In the entries below, find the line with "Large pippy oak" and the line with "The best winter"; copy them and every line between them exactly, but not the pictures.

Records to use:
--- START ---
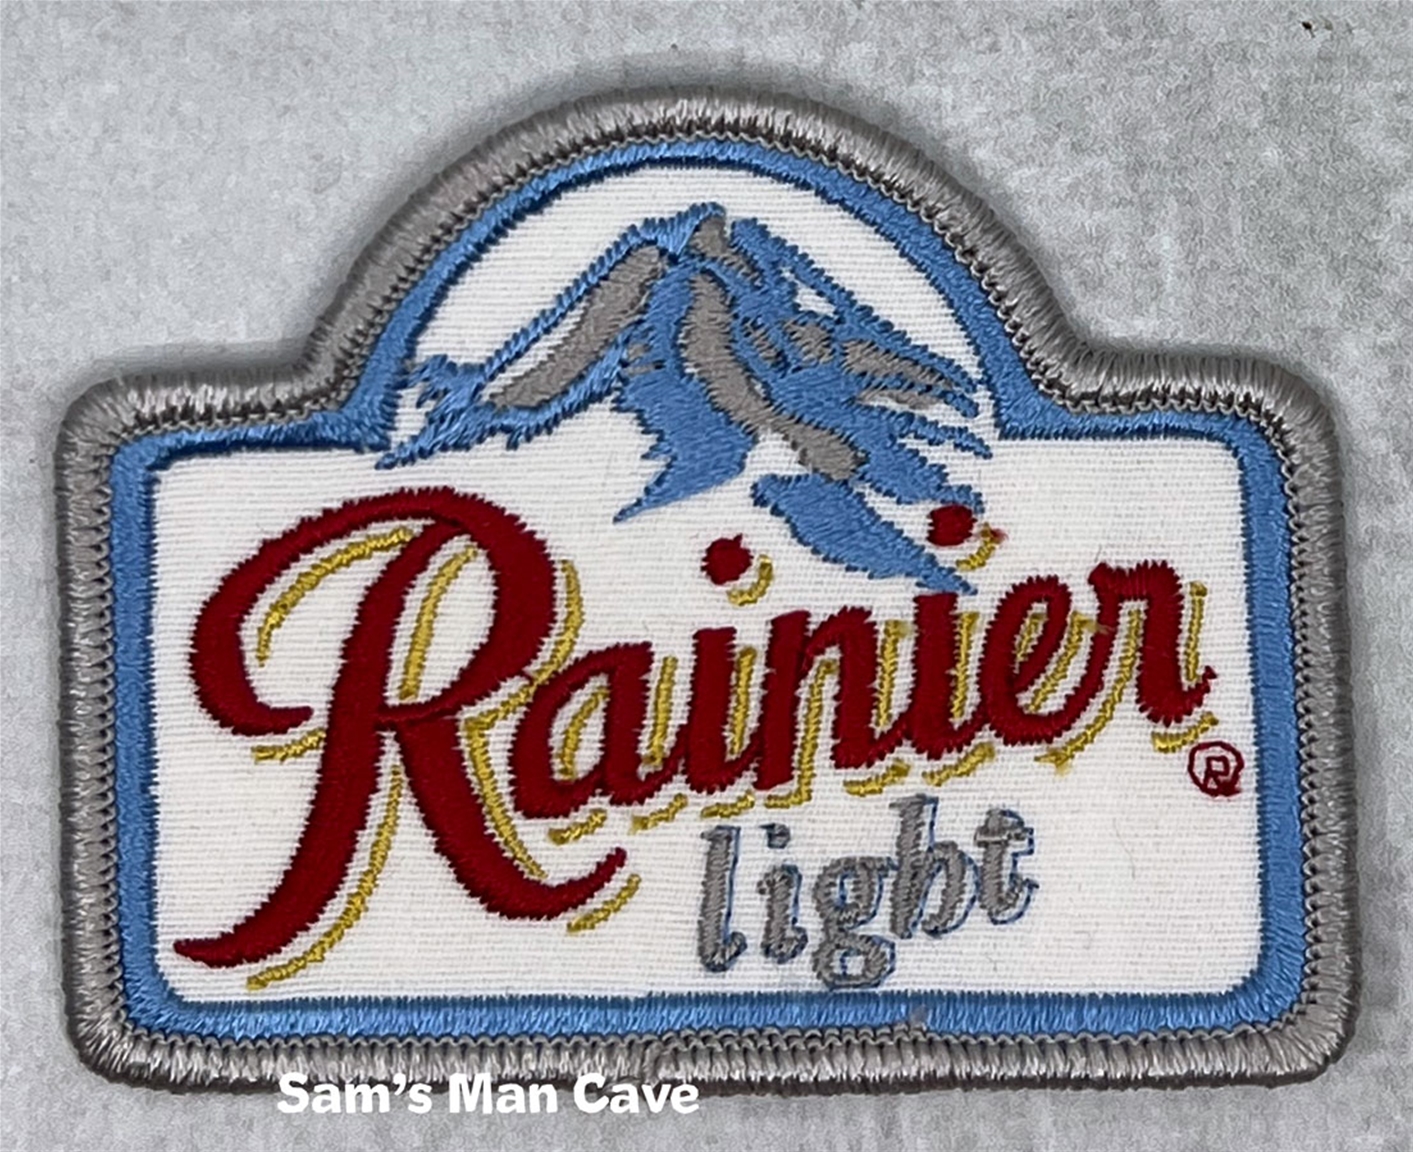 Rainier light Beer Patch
--- END ---
--- START ---
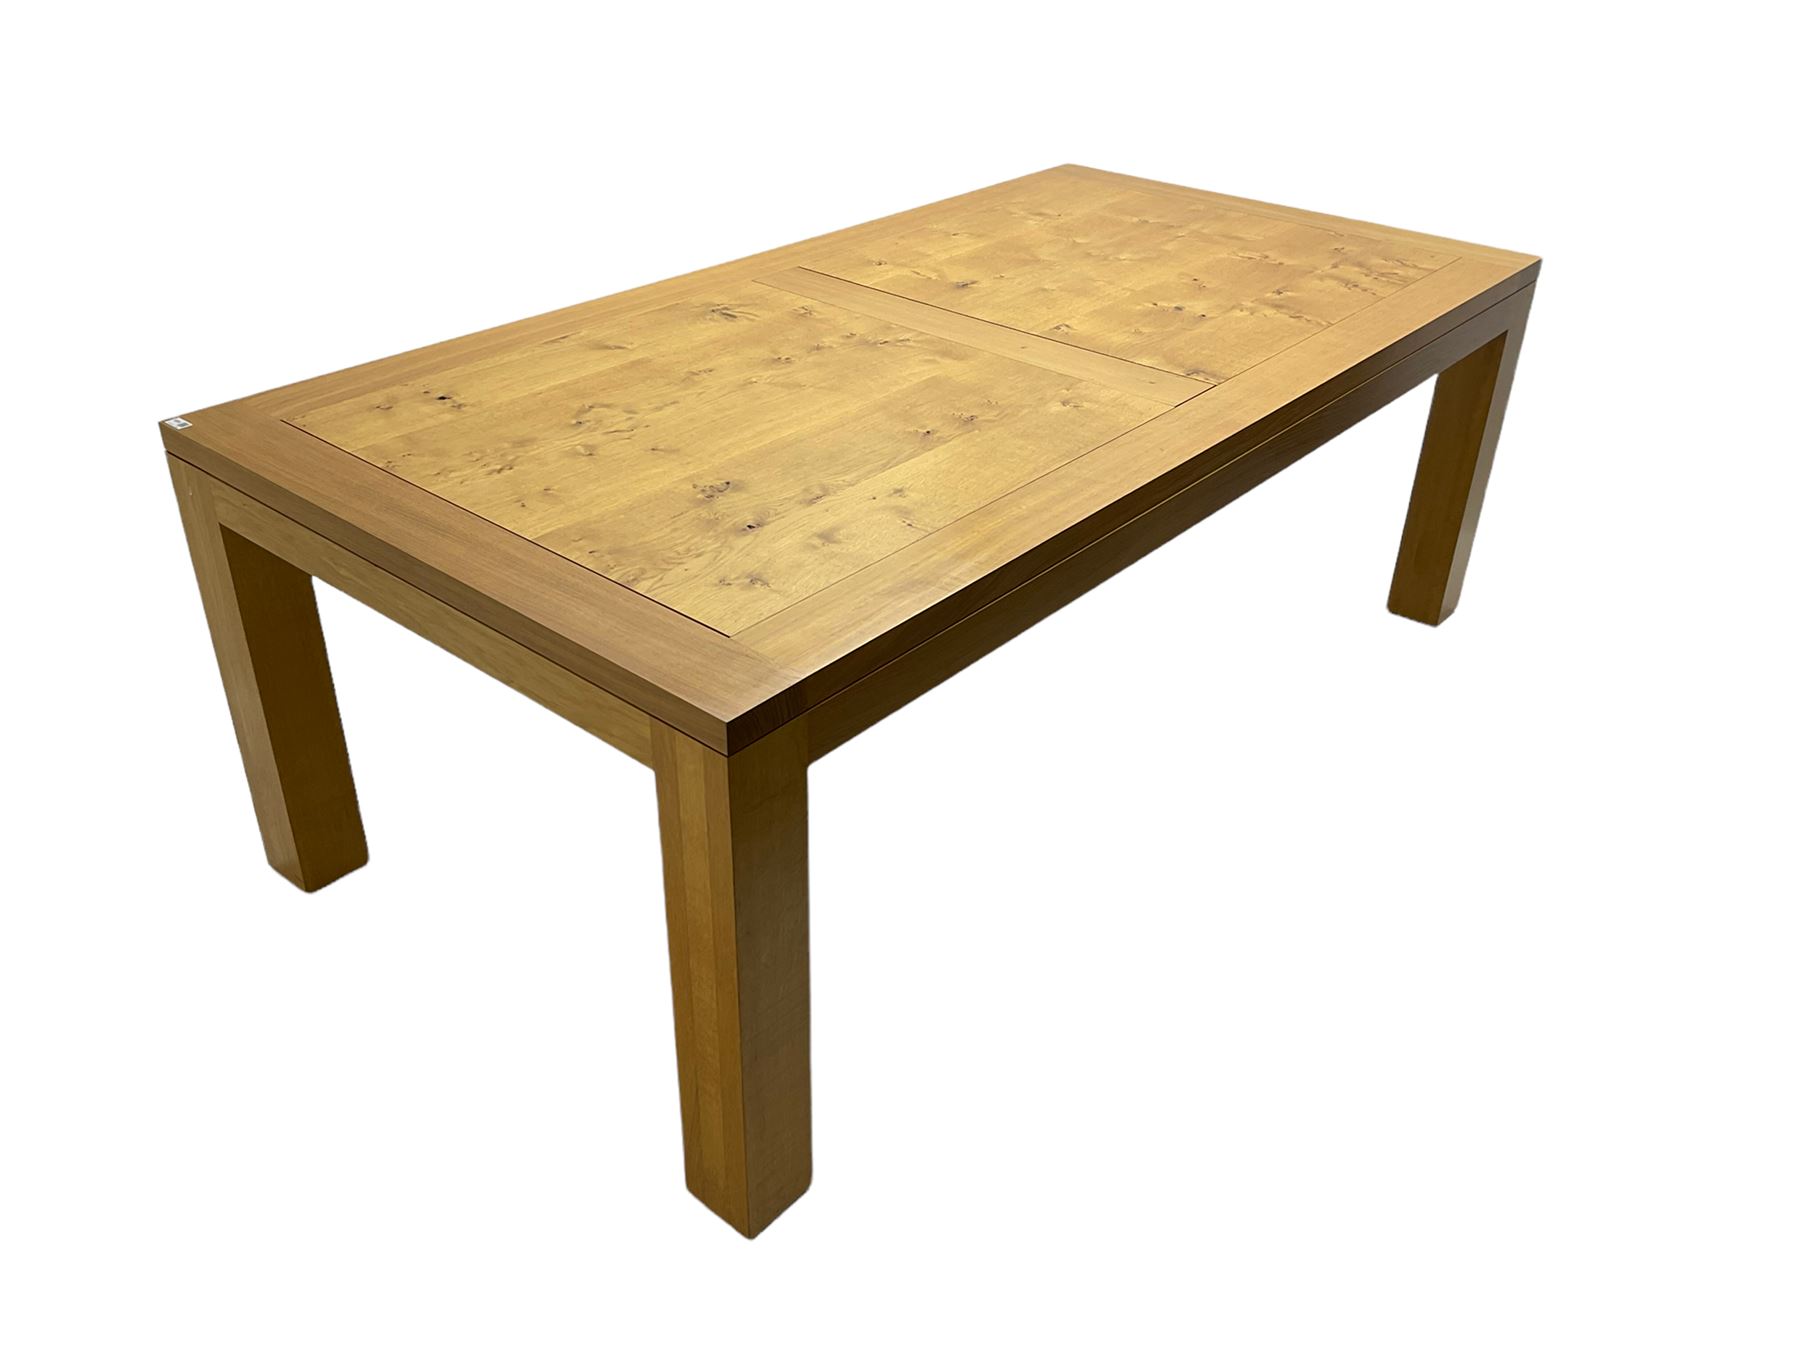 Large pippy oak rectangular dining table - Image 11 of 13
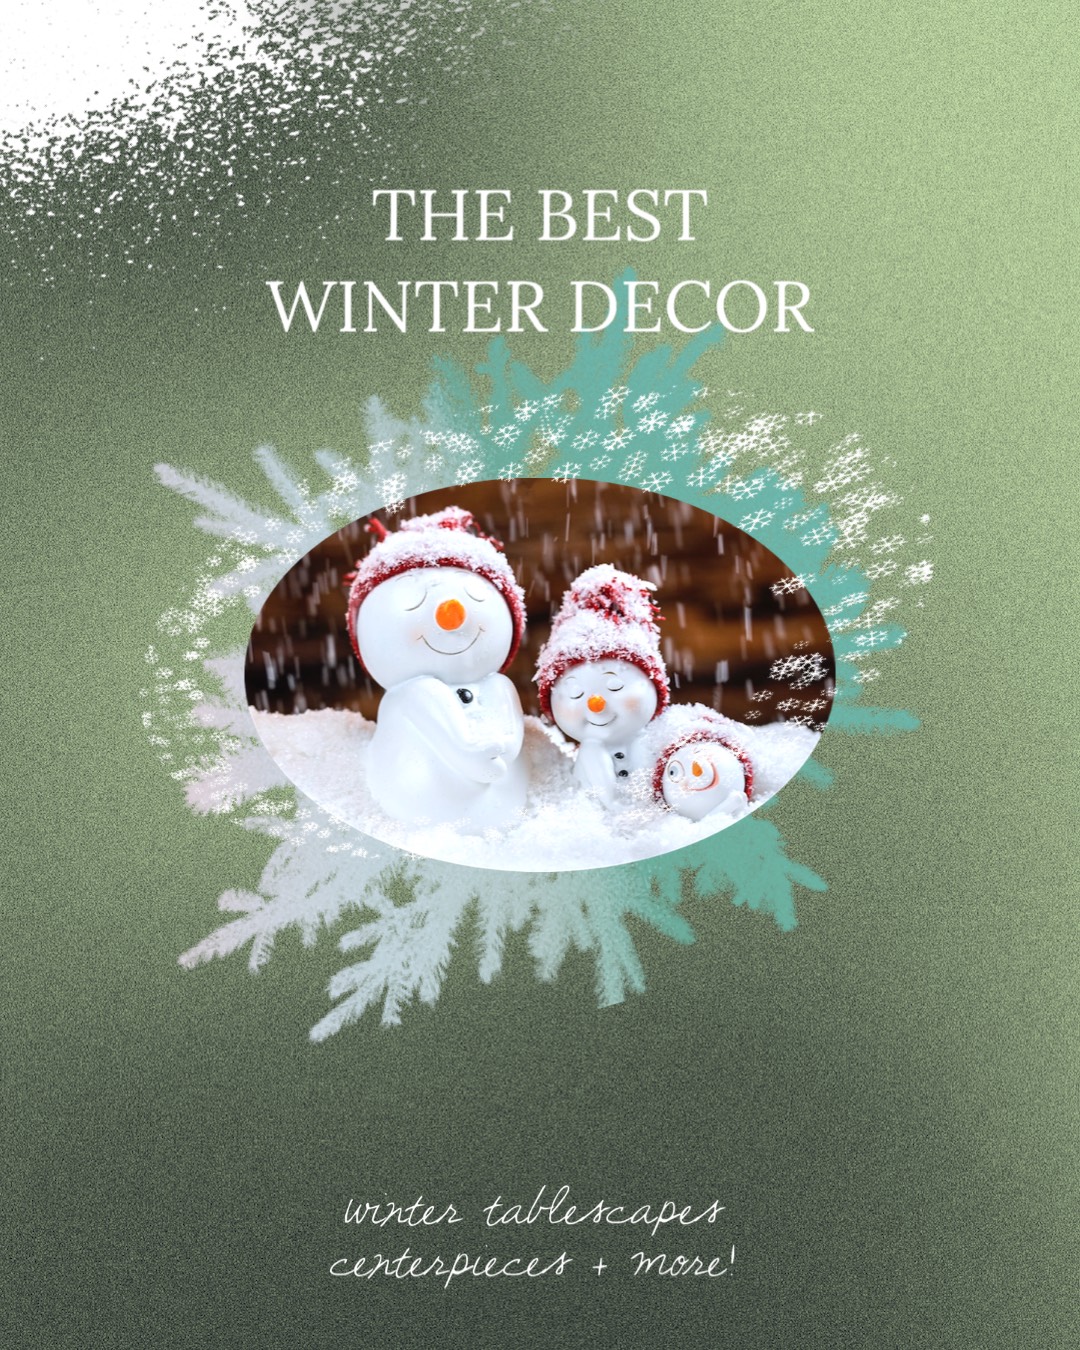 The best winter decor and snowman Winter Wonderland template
--- END ---
Result of this task:
 Large pippy oak rectangular dining table - Image 11 of 13
 The best winter decor and snowman Winter Wonderland template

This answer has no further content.